The Kestrels scout routes, map hazards, inspect ridges and valleys, verify sample caches, monitor weather and dust, and survey terrain the rover should not try to drive across. They are scouts, not cargo aircraft. Mars does not have enough atmosphere for bravado.

Sample Processing And Return

Samples move from the tool arm through a sealed transfer port into Thirteen's internal carousel. The lab performs preliminary inspection, screens for contamination risk, and ranks priority samples. High-value material is sealed into tiny return capsules and loaded into micro-ascent rockets.

Each micro-MAV is a small two-stage solid rocket: about 1.5m long, 20-30 cm in diameter (variable along length), and approximately 90 kg. It is cold-ejected clear of the rover before ignition, then climbs to rendezvous with a Mars-orbiting return vehicle. The orbiter handles capture and Earth return injection.

The platform is typically equipped with 3-4 of these rockets depending on other science payloads, so return capacity is extremely limited.

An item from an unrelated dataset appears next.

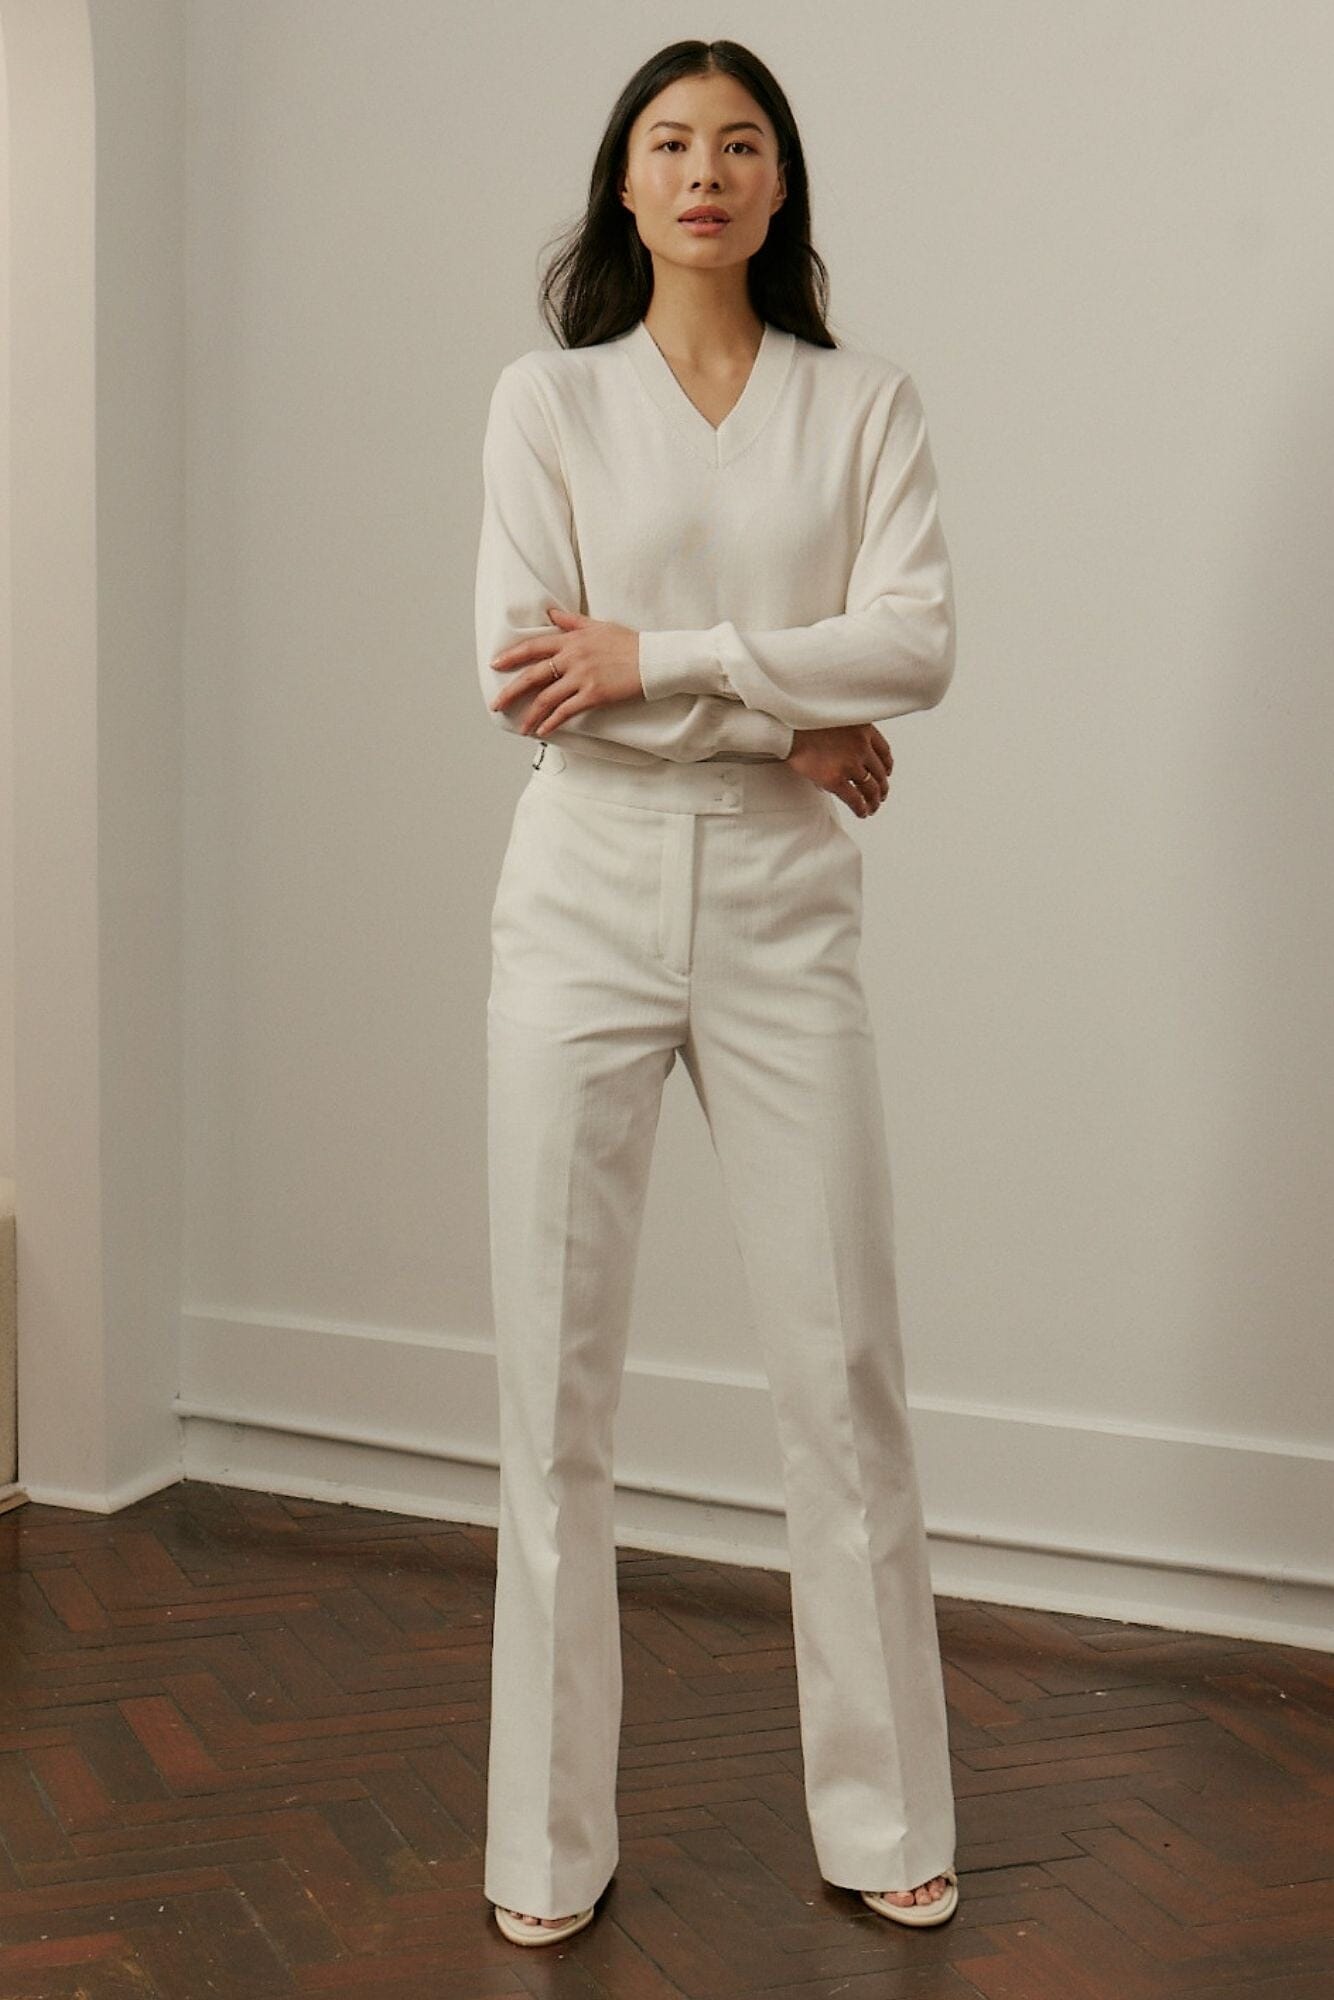 Women's V Neck Merino Wool - Off White
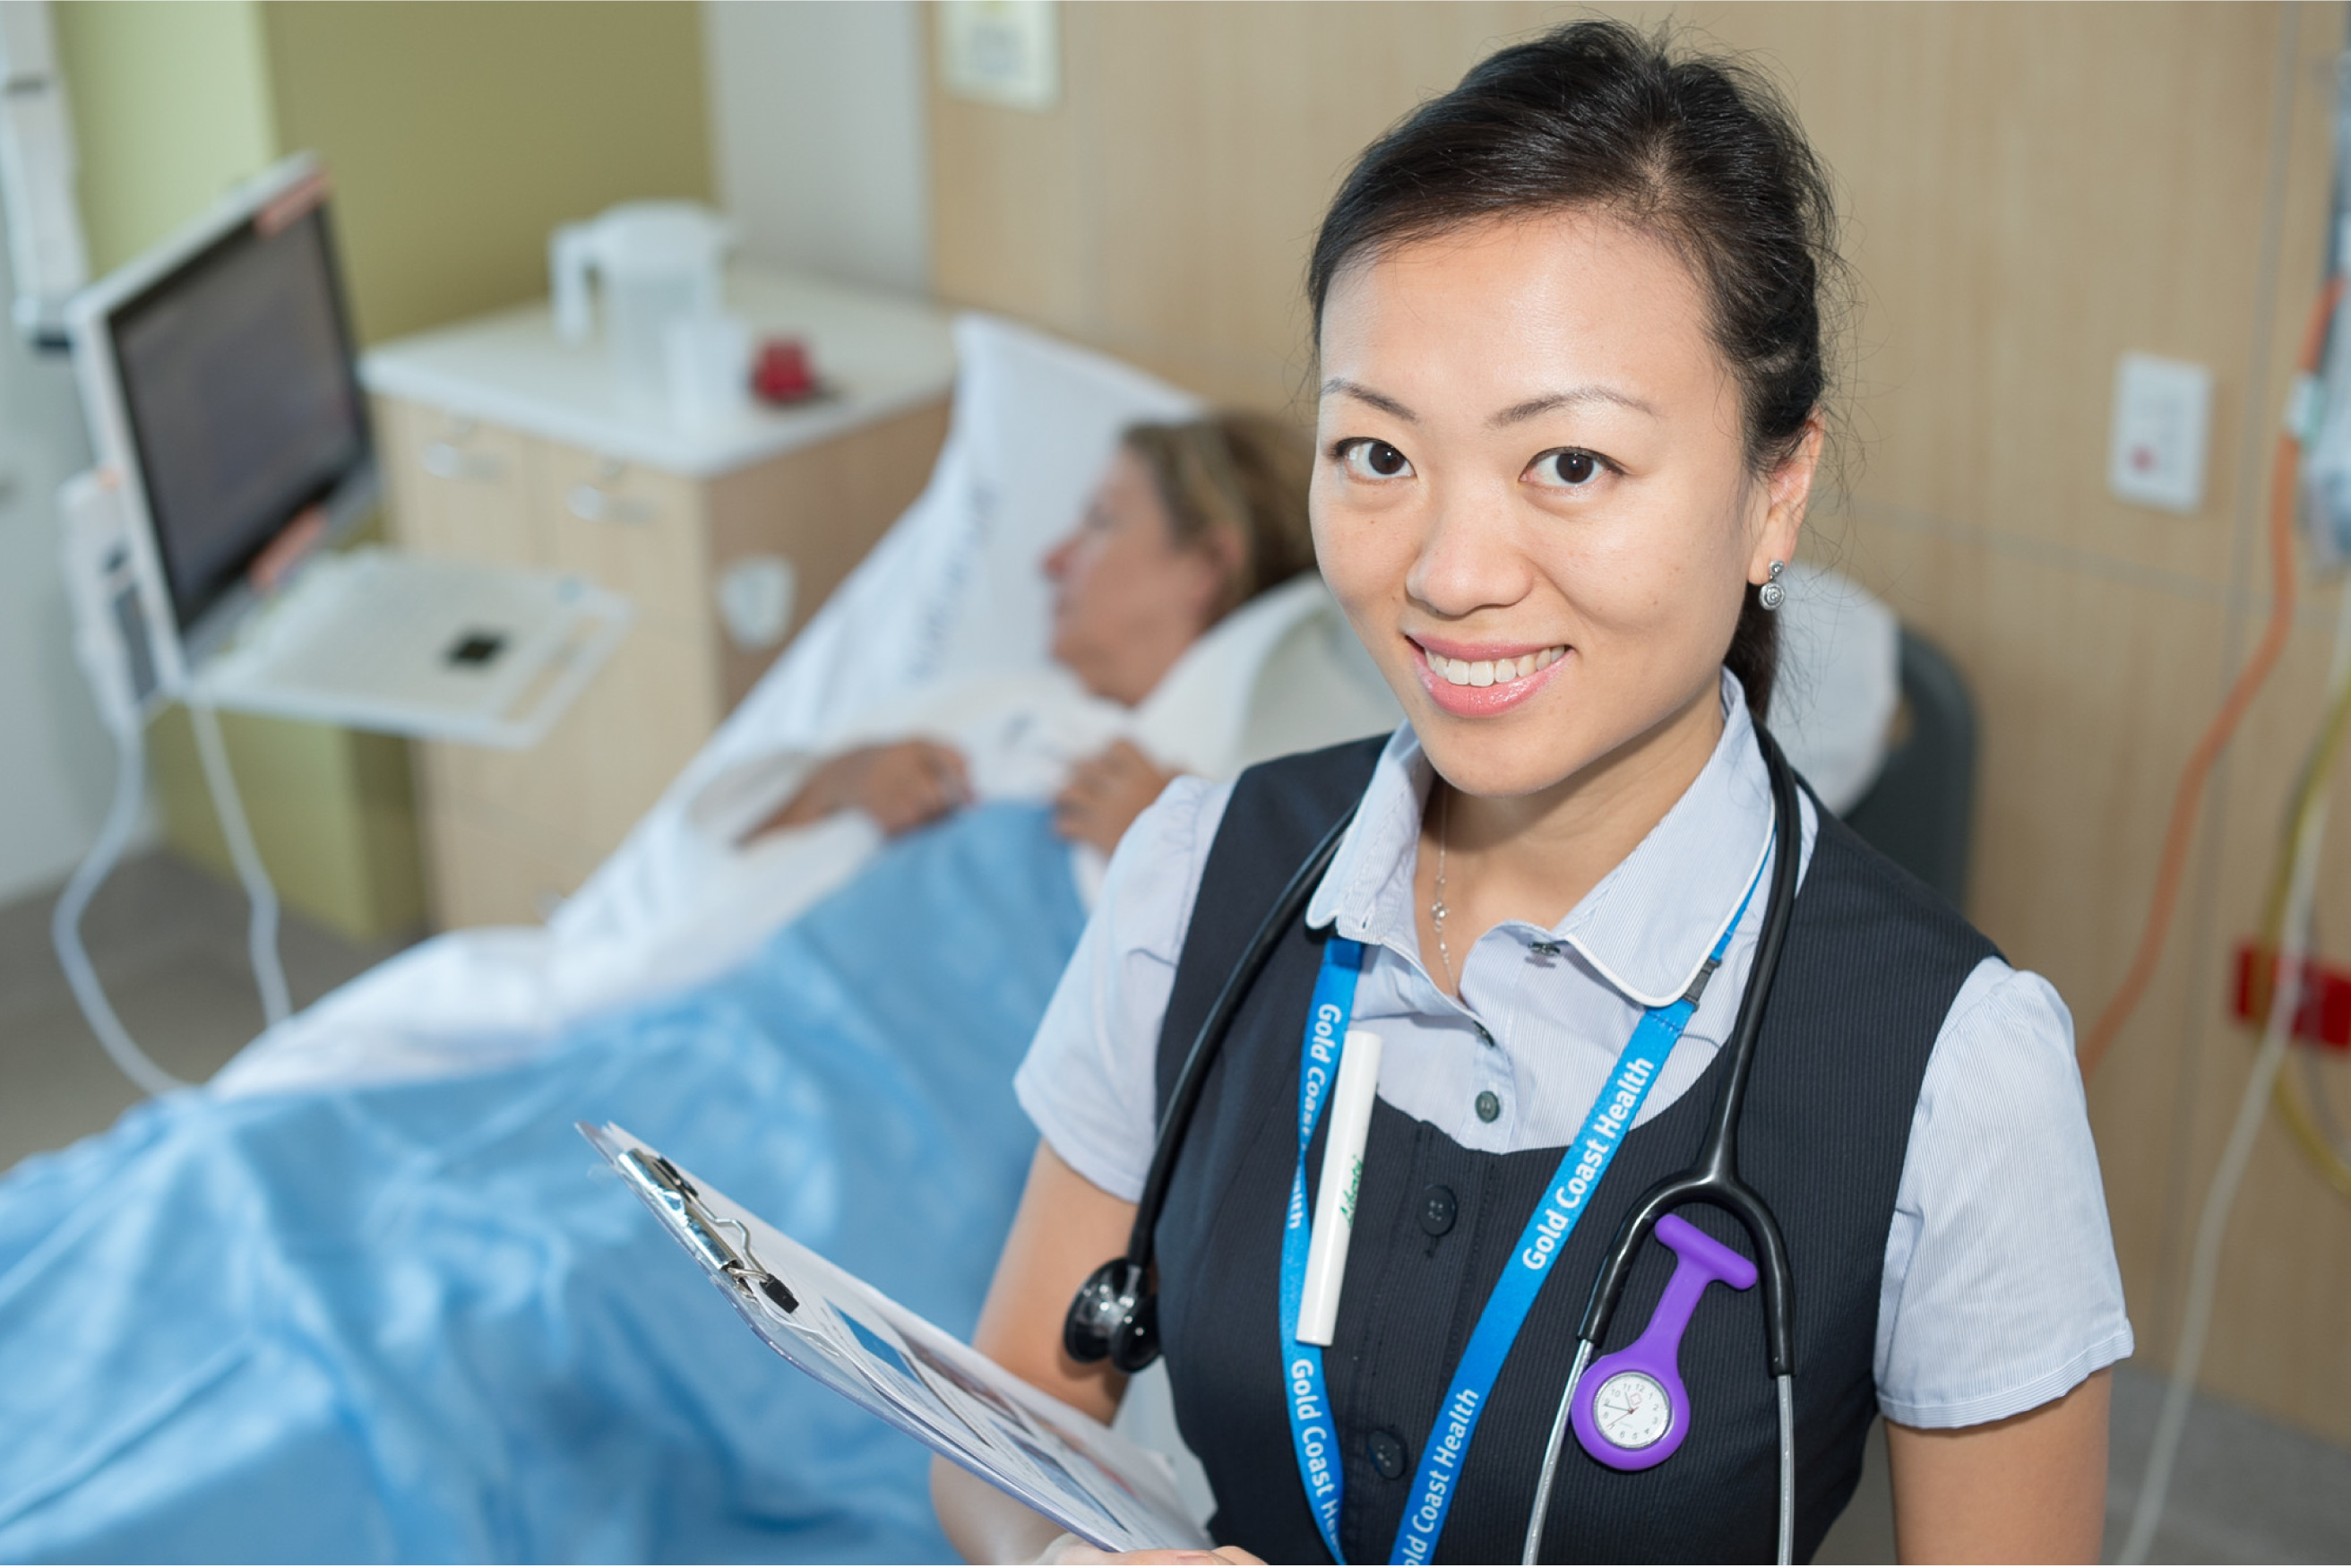 Registered nurse jobs gold coast

Launch sequence is deliberately boring until it is not: level chassis, deploy stabilizer pads, lock radiator and drone bay covers, shutter nearby optics, open rear/top tube, eject, ignite, track, breathe again.

Mast And Visor

The binocular mast carries stereo zoom science cameras, navigation cameras, panoramic imaging, lidar/rangefinding, meteorology sensors, dust monitoring, sun sensing, and high-mounted navigation aids.

It also carries the Mastcam Solar Attenuation and Dust Calibration Visor Assembly.

They are not sunglasses. They are absolutely sunglasses.

The visor drops two smoked dark-gold protective filter panels over the binocular mast cameras for solar imaging attenuation, dust protection, glare reduction, optical calibration, emergency lens shielding, and rover selfies. It is a critical part of the rover's safety system.

It is also, unfortunately for Public Affairs, iconic.

Autonomous Operations

Thirteen has to coordinate rover mobility, two helicopters, two robotic arms, contamination control, power planning, thermal management, sample triage, and launch readiness while Earth is several light-minutes away.

The local autonomy stack handles terrain classification, route planning, drone scheduling, sample-target ranking, hazard avoidance, power budgeting, and dryly sarcastic local mission notes.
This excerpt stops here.